■ Aim of the exercise ■
Your reply should be one number: how many lines of the material contain the word "Chart".

______

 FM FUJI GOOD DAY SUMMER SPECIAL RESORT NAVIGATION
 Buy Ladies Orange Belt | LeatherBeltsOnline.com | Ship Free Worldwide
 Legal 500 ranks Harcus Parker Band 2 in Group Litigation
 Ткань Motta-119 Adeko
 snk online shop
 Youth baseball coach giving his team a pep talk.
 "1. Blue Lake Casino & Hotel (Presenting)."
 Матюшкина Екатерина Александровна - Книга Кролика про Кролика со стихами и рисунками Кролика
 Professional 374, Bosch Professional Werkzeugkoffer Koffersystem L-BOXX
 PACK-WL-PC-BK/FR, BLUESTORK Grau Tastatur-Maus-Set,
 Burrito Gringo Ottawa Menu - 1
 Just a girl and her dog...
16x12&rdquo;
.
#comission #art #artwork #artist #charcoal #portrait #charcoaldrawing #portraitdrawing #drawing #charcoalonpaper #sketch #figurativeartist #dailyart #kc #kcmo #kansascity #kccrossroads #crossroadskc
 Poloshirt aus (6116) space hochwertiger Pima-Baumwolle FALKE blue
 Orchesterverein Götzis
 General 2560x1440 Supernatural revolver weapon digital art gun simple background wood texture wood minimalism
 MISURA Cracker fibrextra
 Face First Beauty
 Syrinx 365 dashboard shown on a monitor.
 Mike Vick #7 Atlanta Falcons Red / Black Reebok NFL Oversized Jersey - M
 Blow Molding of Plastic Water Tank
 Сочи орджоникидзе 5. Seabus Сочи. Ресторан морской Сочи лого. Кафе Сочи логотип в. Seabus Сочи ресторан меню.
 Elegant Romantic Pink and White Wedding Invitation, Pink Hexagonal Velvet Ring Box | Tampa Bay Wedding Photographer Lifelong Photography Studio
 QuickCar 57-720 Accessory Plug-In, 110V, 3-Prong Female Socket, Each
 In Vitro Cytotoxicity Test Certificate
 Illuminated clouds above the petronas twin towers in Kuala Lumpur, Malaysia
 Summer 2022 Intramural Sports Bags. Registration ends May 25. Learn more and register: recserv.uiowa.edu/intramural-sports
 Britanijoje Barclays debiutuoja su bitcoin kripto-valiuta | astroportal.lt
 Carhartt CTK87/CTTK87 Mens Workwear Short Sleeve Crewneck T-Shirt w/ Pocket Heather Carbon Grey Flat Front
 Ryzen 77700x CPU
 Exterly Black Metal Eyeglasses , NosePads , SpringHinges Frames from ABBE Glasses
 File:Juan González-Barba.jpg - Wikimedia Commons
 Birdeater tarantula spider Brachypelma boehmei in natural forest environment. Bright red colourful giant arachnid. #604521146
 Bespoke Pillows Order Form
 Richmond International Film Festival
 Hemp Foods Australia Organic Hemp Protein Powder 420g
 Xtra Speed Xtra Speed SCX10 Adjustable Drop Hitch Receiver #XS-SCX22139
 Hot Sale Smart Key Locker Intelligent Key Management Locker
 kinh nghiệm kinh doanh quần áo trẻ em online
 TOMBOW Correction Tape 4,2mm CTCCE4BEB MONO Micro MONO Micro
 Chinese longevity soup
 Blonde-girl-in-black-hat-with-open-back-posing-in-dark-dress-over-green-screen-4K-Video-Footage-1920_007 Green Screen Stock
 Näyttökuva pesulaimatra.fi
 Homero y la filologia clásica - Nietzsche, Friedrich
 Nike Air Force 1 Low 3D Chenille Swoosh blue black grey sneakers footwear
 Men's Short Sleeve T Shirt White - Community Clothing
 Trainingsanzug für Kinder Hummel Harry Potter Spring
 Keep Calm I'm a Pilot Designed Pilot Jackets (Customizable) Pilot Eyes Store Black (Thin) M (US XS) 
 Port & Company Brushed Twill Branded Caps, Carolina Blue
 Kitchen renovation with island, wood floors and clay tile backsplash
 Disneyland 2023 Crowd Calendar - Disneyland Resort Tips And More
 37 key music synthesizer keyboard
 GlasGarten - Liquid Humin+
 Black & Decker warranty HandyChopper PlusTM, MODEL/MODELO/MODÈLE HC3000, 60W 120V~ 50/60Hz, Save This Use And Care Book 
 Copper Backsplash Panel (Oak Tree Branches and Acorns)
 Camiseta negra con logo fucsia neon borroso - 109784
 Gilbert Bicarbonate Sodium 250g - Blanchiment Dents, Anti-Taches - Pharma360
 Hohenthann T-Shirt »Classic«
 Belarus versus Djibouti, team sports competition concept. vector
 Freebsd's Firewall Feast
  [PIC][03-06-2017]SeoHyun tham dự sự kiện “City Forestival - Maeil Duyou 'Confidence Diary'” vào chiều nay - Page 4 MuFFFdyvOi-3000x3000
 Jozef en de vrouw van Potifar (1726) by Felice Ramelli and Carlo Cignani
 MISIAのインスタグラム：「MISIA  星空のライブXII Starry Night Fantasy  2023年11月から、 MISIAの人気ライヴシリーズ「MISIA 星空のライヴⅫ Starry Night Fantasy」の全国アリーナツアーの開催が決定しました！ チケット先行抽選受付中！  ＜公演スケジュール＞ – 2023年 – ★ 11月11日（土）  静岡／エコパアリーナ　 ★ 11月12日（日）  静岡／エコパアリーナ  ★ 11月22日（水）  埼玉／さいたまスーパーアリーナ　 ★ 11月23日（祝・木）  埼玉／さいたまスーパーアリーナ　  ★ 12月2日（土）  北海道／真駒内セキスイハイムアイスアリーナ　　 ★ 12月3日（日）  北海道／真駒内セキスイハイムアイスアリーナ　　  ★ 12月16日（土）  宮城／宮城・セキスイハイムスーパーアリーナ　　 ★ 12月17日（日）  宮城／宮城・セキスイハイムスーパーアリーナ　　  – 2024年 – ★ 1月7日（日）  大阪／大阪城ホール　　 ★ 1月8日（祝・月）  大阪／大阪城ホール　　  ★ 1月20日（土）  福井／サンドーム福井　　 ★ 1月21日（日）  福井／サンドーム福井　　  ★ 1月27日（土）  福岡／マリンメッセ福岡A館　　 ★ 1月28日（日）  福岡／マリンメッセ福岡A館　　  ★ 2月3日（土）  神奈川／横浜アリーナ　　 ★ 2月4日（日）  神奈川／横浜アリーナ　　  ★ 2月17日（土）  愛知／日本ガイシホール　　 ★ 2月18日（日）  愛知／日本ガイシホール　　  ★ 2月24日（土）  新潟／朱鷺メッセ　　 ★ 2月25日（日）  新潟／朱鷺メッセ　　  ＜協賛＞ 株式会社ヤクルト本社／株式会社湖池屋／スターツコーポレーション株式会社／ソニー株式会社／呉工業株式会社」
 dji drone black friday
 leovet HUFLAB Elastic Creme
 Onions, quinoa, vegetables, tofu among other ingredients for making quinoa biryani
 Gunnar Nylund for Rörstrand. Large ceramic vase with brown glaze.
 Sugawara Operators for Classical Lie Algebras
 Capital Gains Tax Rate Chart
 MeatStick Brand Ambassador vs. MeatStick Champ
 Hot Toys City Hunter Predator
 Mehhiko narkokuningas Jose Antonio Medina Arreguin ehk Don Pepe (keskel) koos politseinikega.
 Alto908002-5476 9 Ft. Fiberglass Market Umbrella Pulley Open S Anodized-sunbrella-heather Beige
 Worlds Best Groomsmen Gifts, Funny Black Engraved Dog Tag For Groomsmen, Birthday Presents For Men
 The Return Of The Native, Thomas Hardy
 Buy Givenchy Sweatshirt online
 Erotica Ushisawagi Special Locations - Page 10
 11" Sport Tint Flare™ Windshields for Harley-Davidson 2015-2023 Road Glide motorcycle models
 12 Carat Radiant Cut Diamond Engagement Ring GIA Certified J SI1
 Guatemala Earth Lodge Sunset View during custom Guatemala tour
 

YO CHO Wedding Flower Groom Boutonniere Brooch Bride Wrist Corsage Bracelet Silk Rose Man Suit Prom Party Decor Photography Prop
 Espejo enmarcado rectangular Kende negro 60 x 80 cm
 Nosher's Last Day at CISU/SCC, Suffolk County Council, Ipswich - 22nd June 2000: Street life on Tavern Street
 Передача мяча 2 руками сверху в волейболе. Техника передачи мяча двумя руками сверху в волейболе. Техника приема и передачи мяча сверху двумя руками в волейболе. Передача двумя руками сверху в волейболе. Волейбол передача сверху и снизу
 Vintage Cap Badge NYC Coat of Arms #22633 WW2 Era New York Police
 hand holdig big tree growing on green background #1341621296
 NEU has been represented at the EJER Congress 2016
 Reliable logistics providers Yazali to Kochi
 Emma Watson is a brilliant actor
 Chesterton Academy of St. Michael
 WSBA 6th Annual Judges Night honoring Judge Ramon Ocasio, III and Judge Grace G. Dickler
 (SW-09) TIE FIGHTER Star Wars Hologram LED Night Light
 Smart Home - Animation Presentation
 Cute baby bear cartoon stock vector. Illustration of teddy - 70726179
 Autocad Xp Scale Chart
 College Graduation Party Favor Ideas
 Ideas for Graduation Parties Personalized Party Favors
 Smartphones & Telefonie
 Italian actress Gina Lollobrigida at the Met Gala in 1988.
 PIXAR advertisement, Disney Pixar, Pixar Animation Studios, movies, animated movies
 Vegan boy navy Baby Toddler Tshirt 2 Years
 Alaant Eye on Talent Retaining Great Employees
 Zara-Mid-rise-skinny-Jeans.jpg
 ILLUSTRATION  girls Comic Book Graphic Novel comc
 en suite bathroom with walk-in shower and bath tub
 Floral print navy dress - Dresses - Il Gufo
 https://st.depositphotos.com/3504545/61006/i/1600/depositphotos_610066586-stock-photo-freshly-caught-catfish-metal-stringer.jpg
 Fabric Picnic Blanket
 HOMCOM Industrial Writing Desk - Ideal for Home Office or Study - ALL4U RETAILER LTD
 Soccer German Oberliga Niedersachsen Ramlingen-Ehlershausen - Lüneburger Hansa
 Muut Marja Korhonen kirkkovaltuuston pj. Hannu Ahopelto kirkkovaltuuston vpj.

______

■ Answer below ■
2